Discussion in 'Architecture and Products' started by AnarchX, Sep 9, 2008.

  1. Novum

    Regular

    Joined:
    Jun 28, 2006
    Messages:
    335
    Likes Received:
    8
    Location:
    Germany
    Nope. The TMUs are right next to the ALUs and should be much larger. The layout of the TMUs of this chip must be irregular.

    GT200:
    [​IMG]

    red = Vec8
    green = octo TMU.

    3xVec8 + octo TMU = TPC.

    What you have marked as ROPs+TMUs ist most likely the GDDR5 interface.
     
    #741 Novum, Jun 30, 2009
    Last edited by a moderator: Jun 30, 2009
  2. Jawed

    Legend

    Joined:
    Oct 2, 2004
    Messages:
    10,873
    Likes Received:
    767
    Location:
    London
    Hmm, I've been told that NVidia's specifications page is wrong and it's 24.

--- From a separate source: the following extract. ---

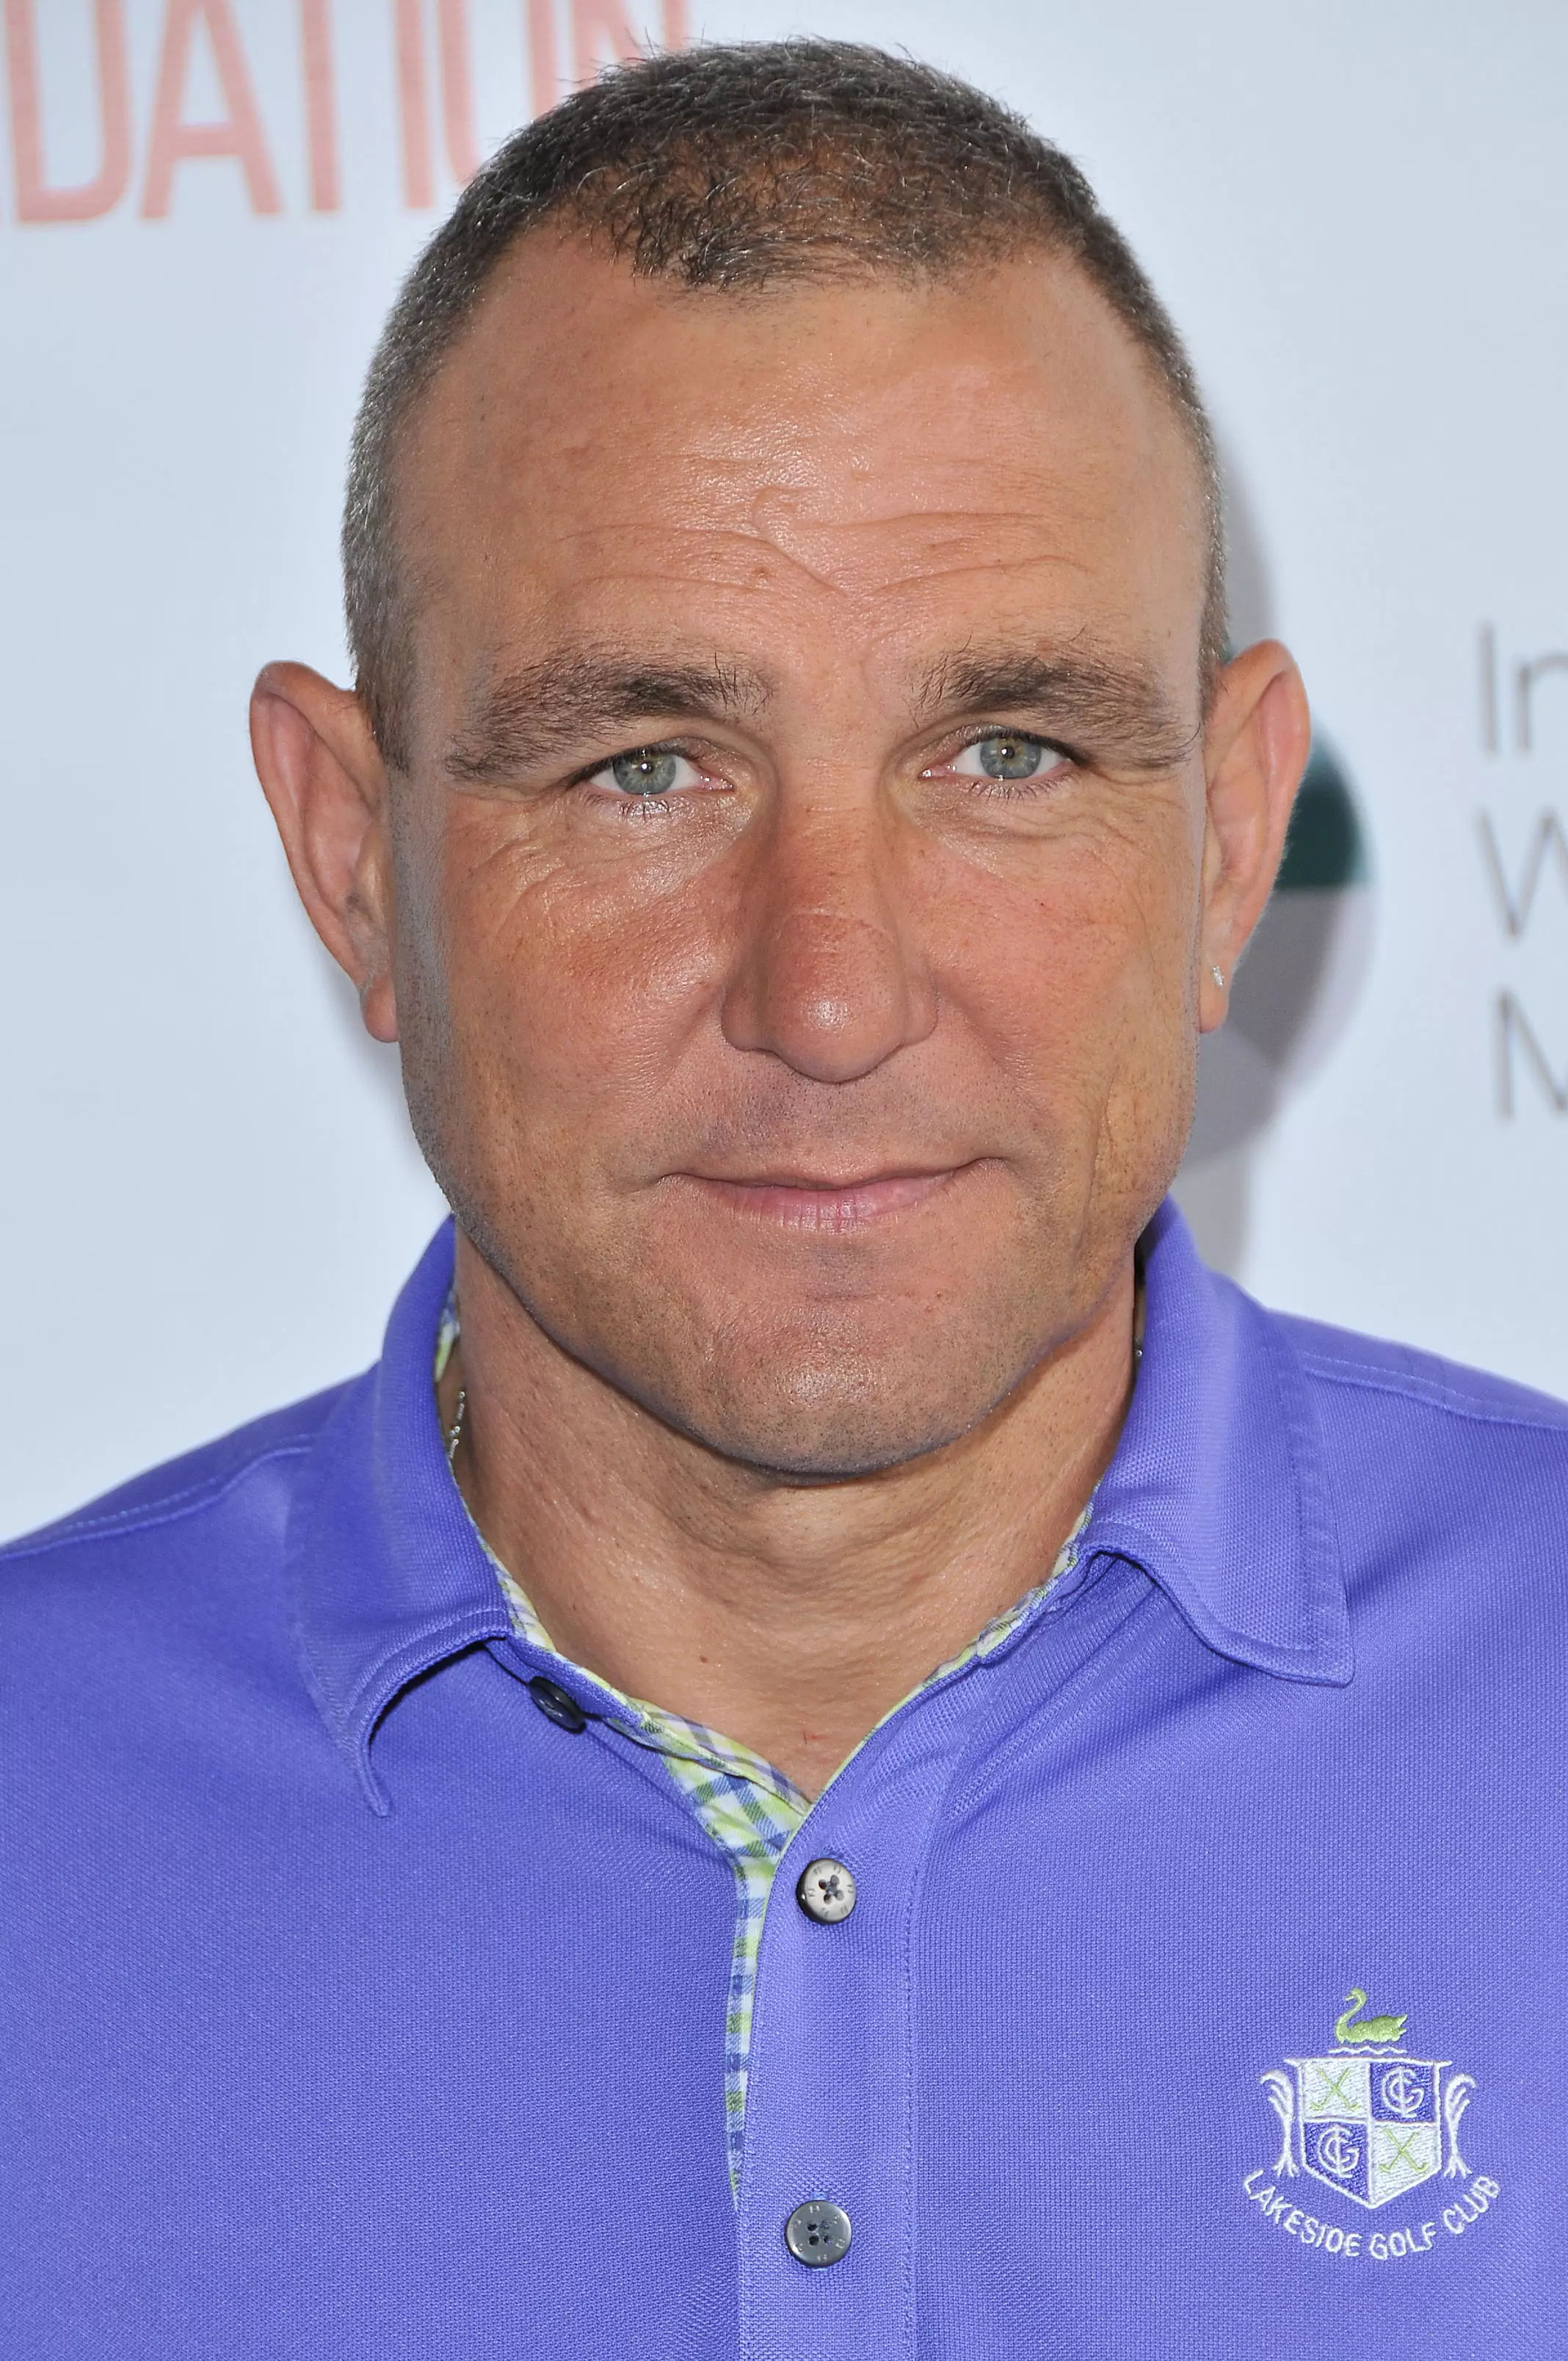 Vinnie Jones says he has cried almost every night since his wife's death.

    So that would appear to indicate the entire line-up is based upon 3 multiprocessors with a pair of quad TMUs per cluster.

    So TMUs appear to be:
    • GT218 - 8
    • GT214 - 16
    • GT215 - 32
    Jawed
     
  3. CarstenS

    Veteran Subscriber

    Joined:
    May 31, 2002
    Messages:
    4,798
    Likes Received:
    2,056
    Location:
    Germany
    I know it's this way with GT200 and older chips. GT21x are a new breed and 'til now, I fail to identify the TMU area(s) on those GPUs.
     
  4. Jawed

    Legend

    Joined:
    Oct 2, 2004
    Messages:
    10,873
    Likes Received:
    767
    Location:
    London
    What you've marked doesn't add up to an entire cluster. Could be general control or it could be TMU. Dunno.

    Also, what's interesting is that in the GT215 die shot the clusters appear to contain much less logic than GT200 (the ratio of area for "ALUs" to "TMUs" is wildly different comparing the two) - implying that the layout of GT215 doesn't have clusters as single contiguous units.

    Either that or there's much less TMUs. Or that scaling to 40nm has been wildly non-linear depending upon unit :???:

    The scaling of the ALUs, for what it's worth, appears to be ~2x, from 65nm GT200 to 40nm GT215. One "ALU" in GT200 is 0.654mm² and the same unit in GT215 is 0.323mm².

    Jawed
     
  5. fellix

    fellix Hey, You!
    Veteran

    Joined:
    Dec 4, 2004
    Messages:
    3,490
    Likes Received:
    400
    Location:
    Varna, Bulgaria
    There are four similar structured rectangle blocks, situated between the pairs of TPCs distinguishable in the die shot -- those could be texturing hardware, being just the samplers, mapping units or even both (too small for eight TMU quads, anyway... duh!). :???:
     
  6. trinibwoy

    trinibwoy Meh
    Legend

    Joined:
    Mar 17, 2004
    Messages:
    10,430
    Likes Received:
    434
    Location:
    New York
    What's GT214? Isn't it GT216?
     
  7. RussSchultz

    RussSchultz Professional Malcontent
    Veteran

    Joined:
    Feb 6, 2002
    Messages:
    2,855
    Likes Received:
    55
    Location:
    HTTP 404
    Its oddly marked, that's for sure, but there's obviously 10x(3x+1) instances.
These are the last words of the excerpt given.